Hitachi

In-Memory Data Grid Hitachi Elastic Application Data Store


12.2.2 If the cluster is unavailable (NOT_AVAILABLE) or is partially available (PARTIALLY_AVAILABLE)

This subsection explains the restoration procedure when the cluster is unavailable (NOT_AVAILABLE) or is partially available (PARTIALLY_AVAILABLE).

Organization of this subsection

(1) When using only memory caches

The following figure shows the general restoration procedure when memory caches are used and the cluster is unavailable (NOT_AVAILABLE) or is partially available (PARTIALLY_AVAILABLE).

Figure 12‒2: Restoration procedure when the cluster is unavailable (NOT_AVAILABLE) or is partially available (PARTIALLY_AVAILABLE) (using only memory caches)

[Figure]

Each of the system operation administrator's tasks is explained in more detail below.

(a) Verify which EADS servers are isolated or stopped

Verify which EADS servers are isolated or stopped.

For details about this procedure, see 12.2.1(1) Verify which EADS servers are isolated or stopped.

(b) Export data from memory to files

Execute the eztool export -s command to export data from each individual memory. You must execute this command for each EADS server.

eztool export -s
Important note

Note that there might not be consensus on the request received immediately before the range became unavailable. This means that the exported data might not be consistent.

(c) Forcibly terminate the active and isolated EADS servers

Execute the eztool forcestop command to forcibly terminate the active and isolated EADS servers.
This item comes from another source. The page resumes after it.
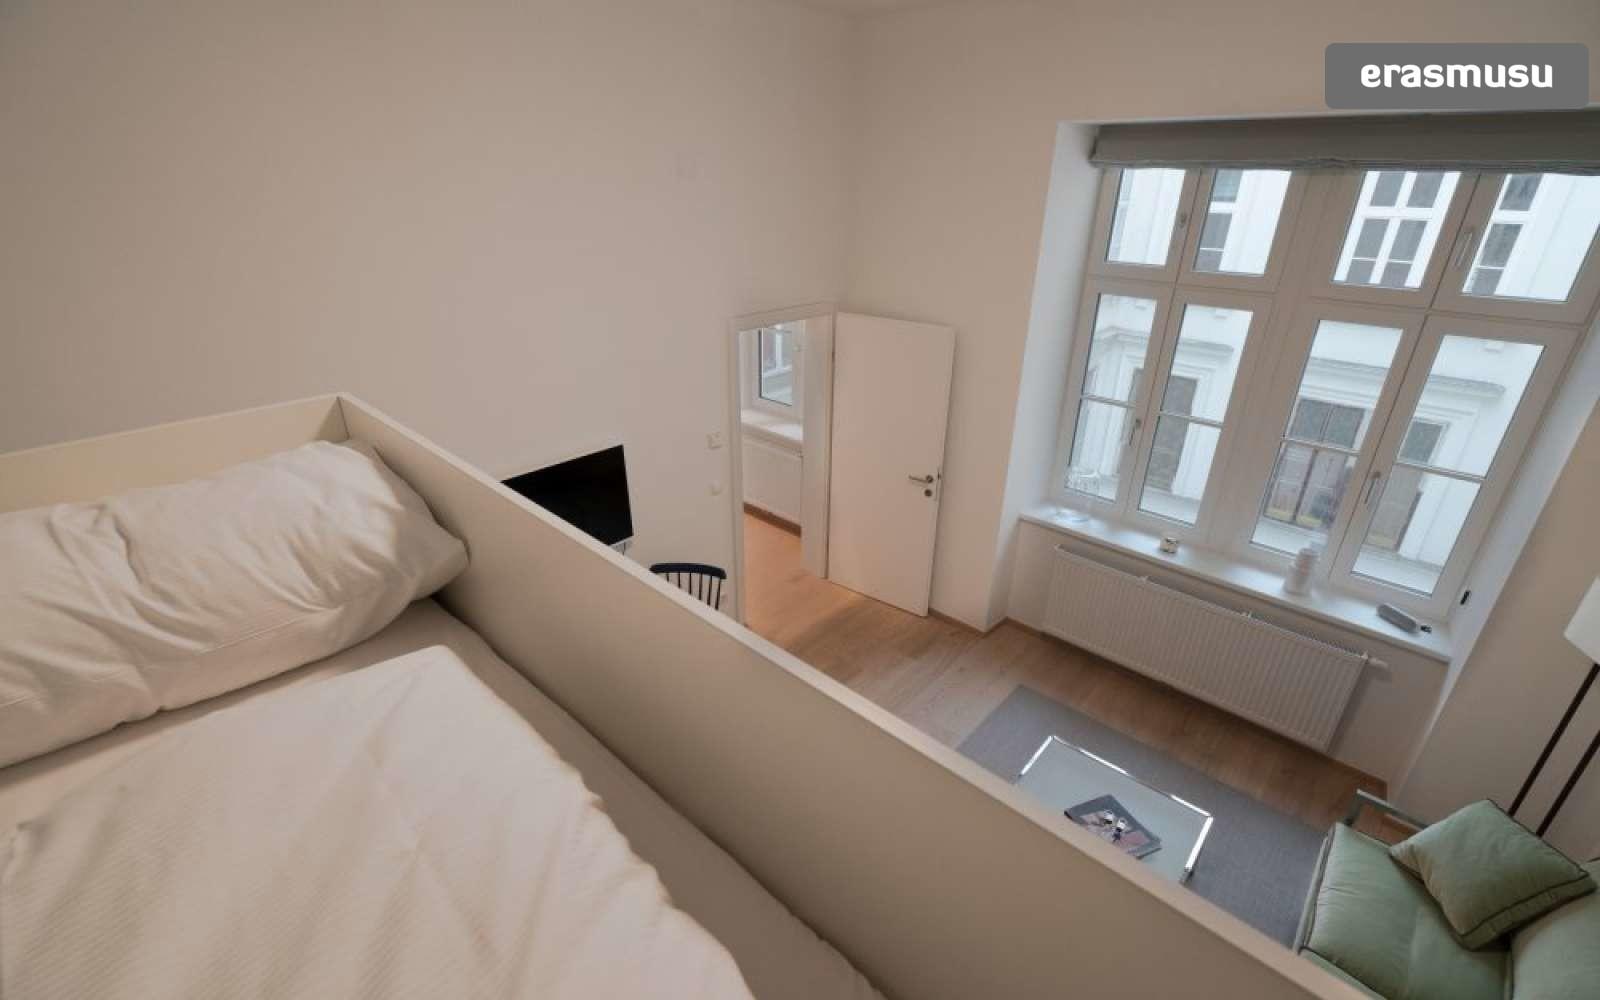 studio-apartment-rent-landstrase-320cb7d52f5cf478dea7547342e7d57

If all EADS servers have already stopped, there is no need to execute this command.

Execute the eztool forcestop command on the active and isolated EADS servers.

eztool forcestop

(d) Check error messages

Check the error messages output to the message logs of the EADS servers that you identified in (a) above.

(e) Acquire error information

Acquire error information on all EADS servers.

For details about this procedure, see 12.2.1(4) Acquire error information.

(f) Start all EADS servers in the cluster (import data from files)

After resolving the errors, start all EADS servers in the cluster and re-import to memory the data that was exported to files in subsection (b).

For details about this procedure, see 10.3 Starting the EADS servers (and creating caches by importing data from files).

(2) When using disk caches

The following figure shows the general restoration procedure when disk caches are used and the cluster is unavailable (NOT_AVAILABLE) or is partially available (PARTIALLY_AVAILABLE).

Figure 12‒3: Restoration procedure when the cluster is unavailable (NOT_AVAILABLE) or is partially available (PARTIALLY_AVAILABLE) (using disk caches)

[Figure]

Each of the system operation administrator's tasks is explained in more detail below.

(a) Verify which EADS servers are isolated or stopped

Verify which EADS servers are isolated or stopped.

For details about this procedure, see 12.2.1(1) Verify which EADS servers are isolated or stopped.

(b) Perform compaction on cache data files

Execute the compaction command to perform compaction on the cache data files. You must execute this command for each EADS server.

eztool compaction

(c) Forcibly terminate the active and isolated EADS servers

Execute the eztool forcestop command to forcibly terminate the active and isolated EADS servers.

If all EADS servers have already stopped, there is no need to execute this command.

Execute the eztool forcestop command on the active and isolated EADS servers.

eztool forcestop

(d) Check error messages

Check the error messages output to the message logs of the EADS servers that you identified in (a) above.

(e) Acquire error information

Acquire error information for all EADS servers.

For details about this procedure, see 12.2.1(4) Acquire error information.

(f) Start all EADS servers in the cluster (resume disk caches)

After resolving the errors, start all EADS servers in the cluster and resume disk caches.

For details about this procedure, see 10.3.2 How to start the EADS servers (resuming caches on disk).

Reference note

If caches cannot be resumed because of corrupted cache files, determine the number of EADS servers whose cache files have become corrupted.

  • When the number of EADS servers whose cache files have become corrupted is fewer than the number of redundant copies of data plus the original

    Execute the deleteecf -l command on the EADS servers whose files have become corrupted to delete all cache files from the caches that contain the corrupted files. Then re-execute the eztool resume command.

  • When the number of EADS servers whose cache files are corrupted is equal to or greater than the number of redundant copies of data plus the original

    The EADS servers cannot be restored.